Jerry Tadex Mawele, Instituteur de formation, écrivain gabonais, Conseiller Pédagogique Premier Degré et Vice-Président SOS ÉDUCATION (SOS-E).
Par Annie Mapangou
Le Syndicat SOS Education et le Syndicat des enseignants pour les réformes éducatives au Gabon (SEREG) ont récemment fusionné leur énergie pour donner naissance à la Fédération unie des syndicats des enseignants (FUSE) dans la ville de Ntoum.
Ce tournant historique du paysage syndical de l’enseignement ambitionne de rassembler l’ensemble des enseignants et des professionnels du secteur éducatif.
Selon les dirigeants de cette nouvelle organisation, cette fédération reste largement ouverte à toutes les organisations syndicales ou acteurs indépendants qui partagent la même vision.
S’agissant de l’adhésion, celle-ci repose sur une volonté commune : œuvrer pour le bien-être des professionnels de l’éducation et l’amélioration durable de leurs conditions de travail.
Les grands chantiers de la FUSE reposent sur plusieurs axes, notamment :
- Défense rigoureuse des droits individuels et collectifs des personnels.
- Amélioration des conditions de travail et de sécurité dans les écoles.
- Revalorisation des statuts et des carrières professionnelles.
- Dialogue social renforcé avec les autorités publiques.
En unissant les forces de structures déjà bien implantées depuis leur accord de juillet, la FUSE espère instaurer un rapport de force plus équilibré lors des futures négociations.
Que peut-on dire du paysage éducatif à la veille de la rentrée scolaire 2026-2027 ?
C’est pour répondre à cette interrogation que notre rédaction s’est rapprochée de Jerry Tadex Mawele, Instituteur de formation, écrivain gabonais, Conseiller Pédagogique Premier Degré et Vice-Président SOS ÉDUCATION (SOS-E).
Selon cet instituteur de formation, la rentrée administrative effective de l’année scolaire 2026-2027 sur l’ensemble des établissements du pays est fortement marquée par une mobilisation des parents pour les inscriptions et réinscriptions de leurs enfants, d’une part, et par l’implication des enseignants dans le bon déroulement de ce processus, d’autre part. Tout ceci se fait avec la continuité de la gratuité des frais d’écolage rendue possible par les plus hautes autorités du pays.

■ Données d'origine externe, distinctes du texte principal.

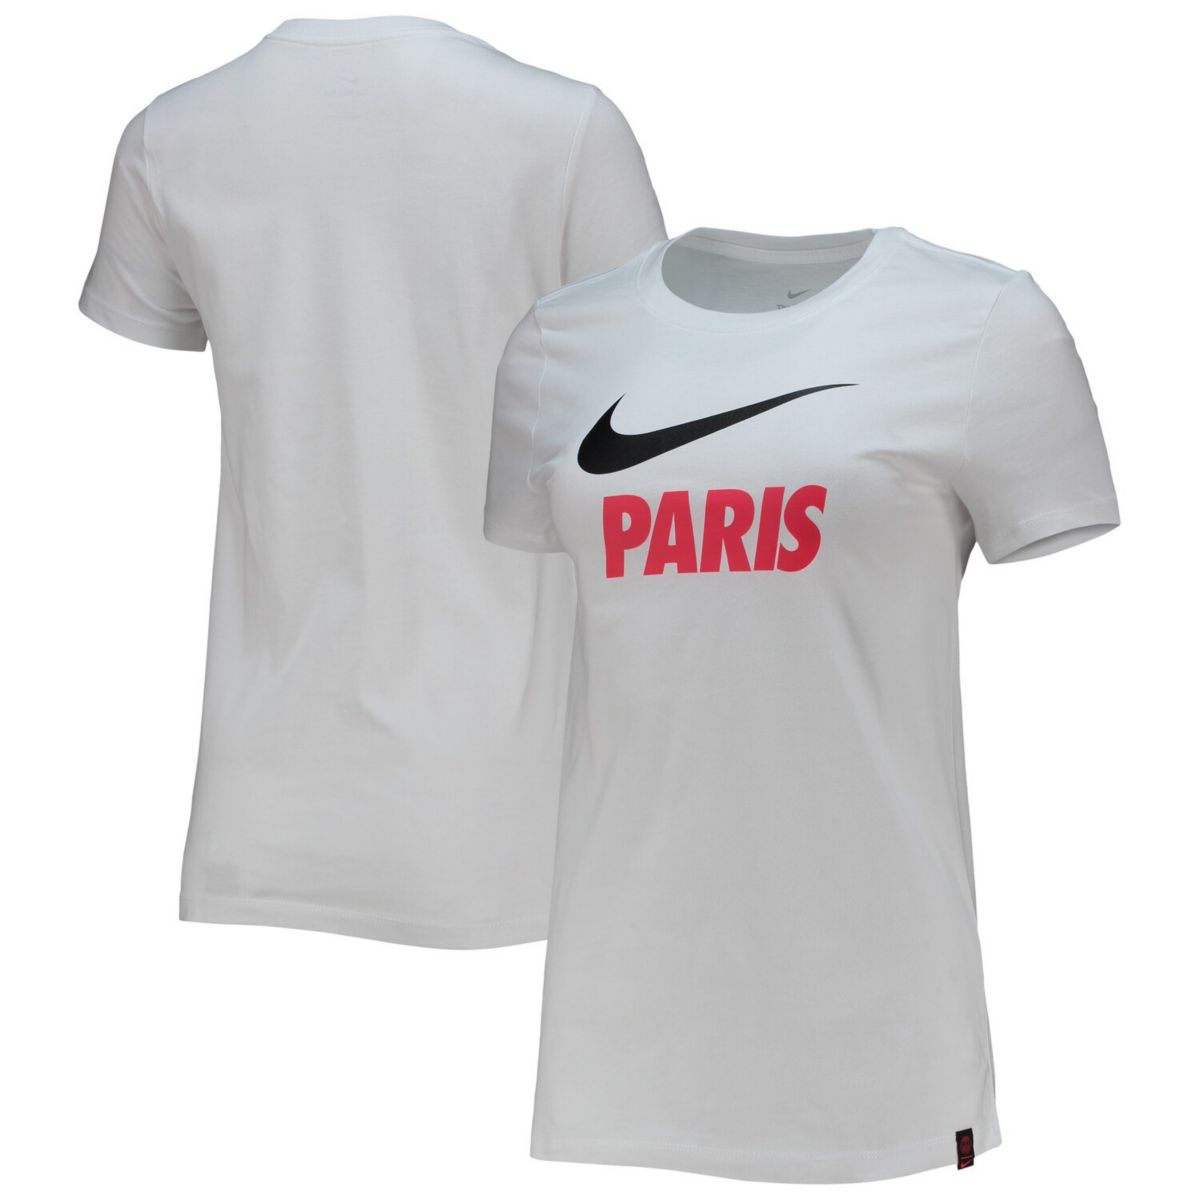 Футболка Paris Saint Germain. Футболка Nike Paris. Футболка PSG Nike хлопок белая. Найк париж
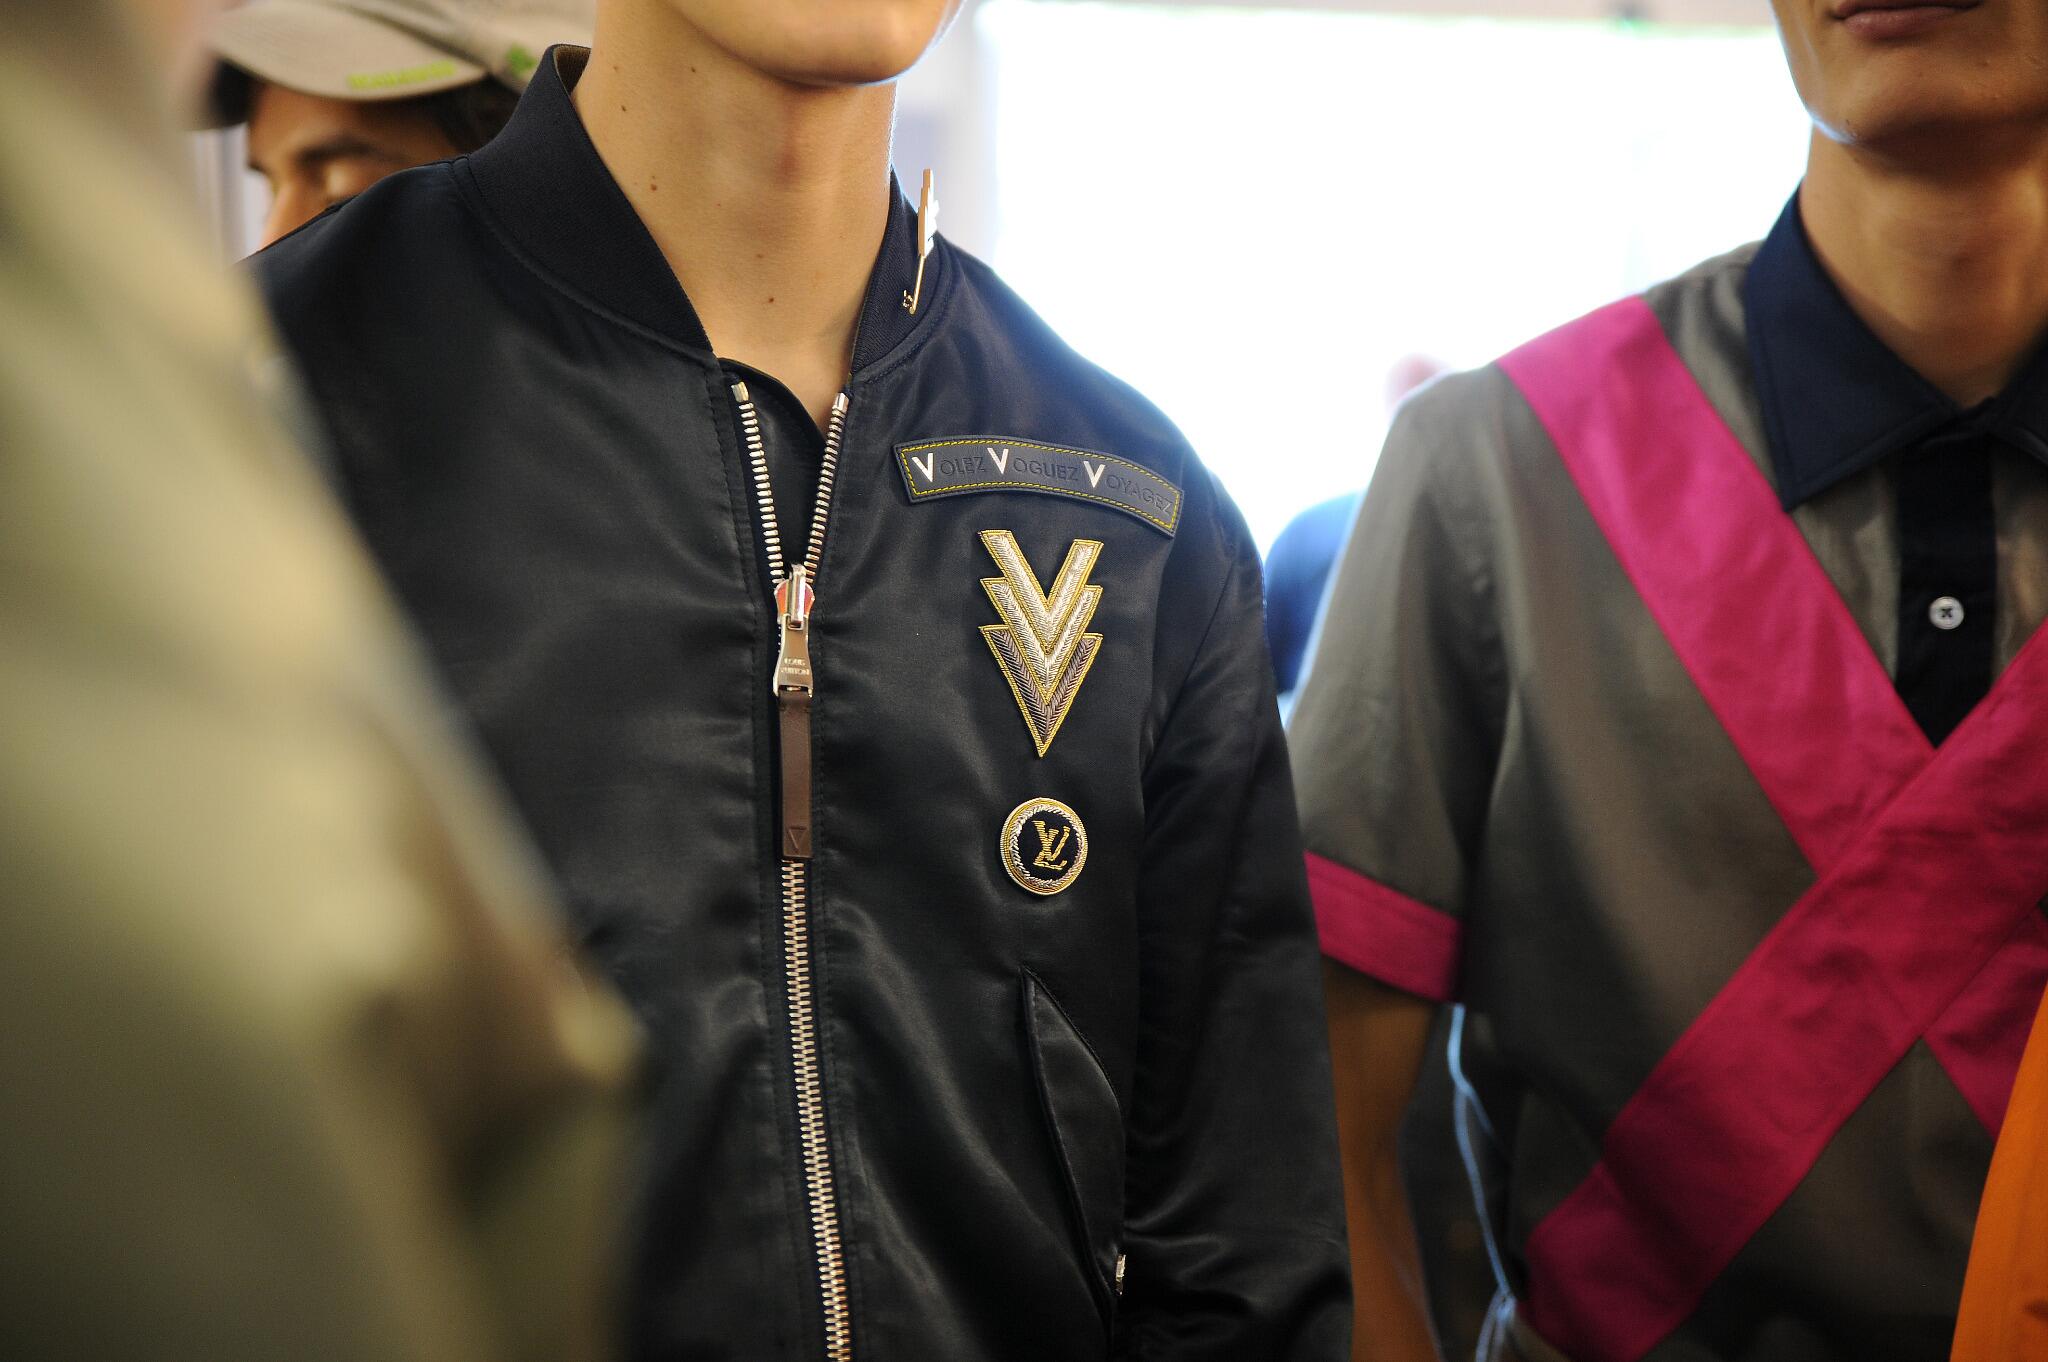 Louis Vuitton on X: VVV emblazoned jackets at the #LouisVuitton Men's  Show, on  #LVLive ©M Dortomb   / X

Au-delà du volet administratif, il existe une partie évidente : celle d’un chapelet de problèmes dont l’attente des solutions devient de plus en plus longue, tant chez les enseignants, que chez les élèves et les parents d’élèves. Ces problèmes sont entre autres d’ordre infrastructurel, pédagogique, administratif, social et financier.
C’est sous cet angle que le Vice-Président SOS ÉDUCATION (SOS-E) a souligné : « Pour cette année scolaire 2026-2027, les enseignants attendent toujours :
- Le paiement de leurs vacations, car le service a été fait ;
- L’effectivité de la prime d’éloignement ;
- La nomination de nouveaux responsables d’établissements alors que les cours débutent le lundi 7 septembre 2026, comme indiqué par le calendrier scolaire ;
- L’accélération du processus de régularisation des situations administratives avec effet solde, attendue depuis des années par les enseignants ;
- Une clarification du nouveau circuit de formation des instituteurs de catégories B2 et B1 quant à la création des instituts de formation (IFPEL et IFME) ;
- Une cohérence dans la formation continue des professeurs d’école primaire, qui auront désormais le même profil administratif (catégorie A2) que les conseillers pédagogiques du premier degré (eux aussi en catégorie A2) ;
- La relance du concours interne IFPEL/IFME en tenant compte des réformes qui impactent désormais le circuit de formation continue des enseignants en général et des Instituteurs en particulier. »
À cet effet, l’ensemble des enseignants invite très respectueusement le gouvernement à tout mettre en œuvre pour une année scolaire 2026-2027 apaisée.
« L’enseignant gabonais est précarisé, il n’a pas assez d’argent pour vivre décemment avec sa famille. Pas de logement décent, pas de prime conséquente pour nourrir, soigner sa famille ou s’habiller convenablement, pour exercer sa profession avec dignité. L’enseignant gabonais est pauvre mais avec l’organisation des élections professionnelles et la mise en place d’un véritable dialogue concret avec le gouvernement, l’enseignant gabonais ne souhaite qu’une chose : l’amélioration de ses conditions de vie et de travail », a indiqué le Conseiller Pédagogique du Premier Degré.